Maintenance: Filterable by mileage, time, and driving conditions
Fluids: Type, capacity, part number, and grade with quick copy for cross-referencing
Specs: Tabular and procedural specs with progressive disclosure and diagrams
OUTCOMES
Within 10 Months of launch we gained 6 new SMS partnerships
EstimateXpress launched its first paying SMS partnership in March 2025.
Within 10 months:
6 new SMS partnerships signed
600+ net new repair shops on the platform
$400K in SaaS ARR generated
Two major partnerships signed for 2026, representing 4,200 additional shops
Projected ARR by end of 2026: $1.1M – $2.5M
REFLECTION
Building a constrained MVP to get business partners on board was the right call
As partners came on, we expanded scope iteratively, shaped by their users' feedback and by data that became available to us over time.
Close collaboration with engineering was truly the key ingredient to this project's success. We pulled datasets together early to understand the structure we were working with, and designed the labor hierarchy around what we actually found, not just assumptions.
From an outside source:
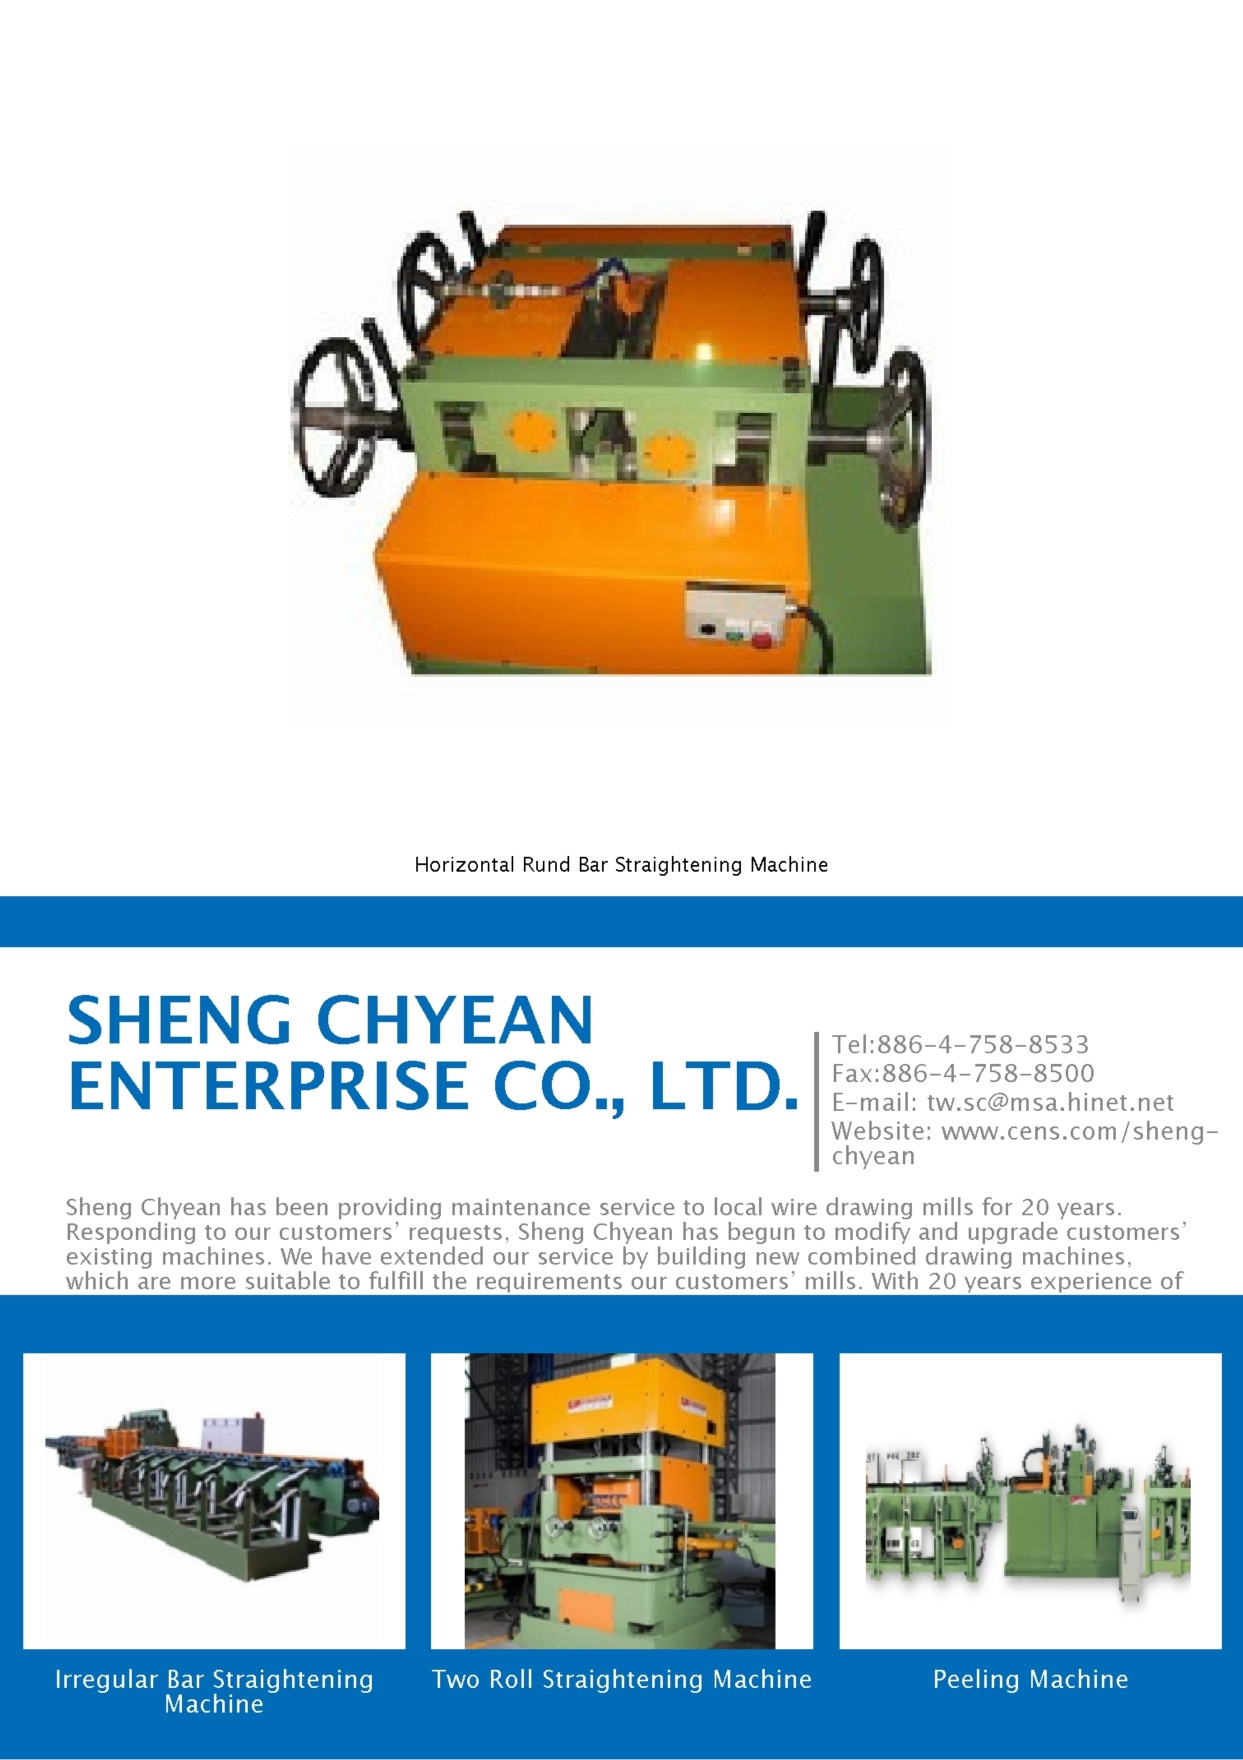 SHENG CHYEAN ENTERPRISE CO., LTD.

That back-and-forth was one of the more productive parts of the process.
The bigger friction wasn't internal. Some partners who committed never signed, and others took much longer than expected. But the work wasn't held hostage to that because it was grounded in competitive analysis and discovery interviews from the start.
If I did it again, I'd document as I go. Losing research artifacts mid-project is a real cost for this case study and for whoever picks up the work next.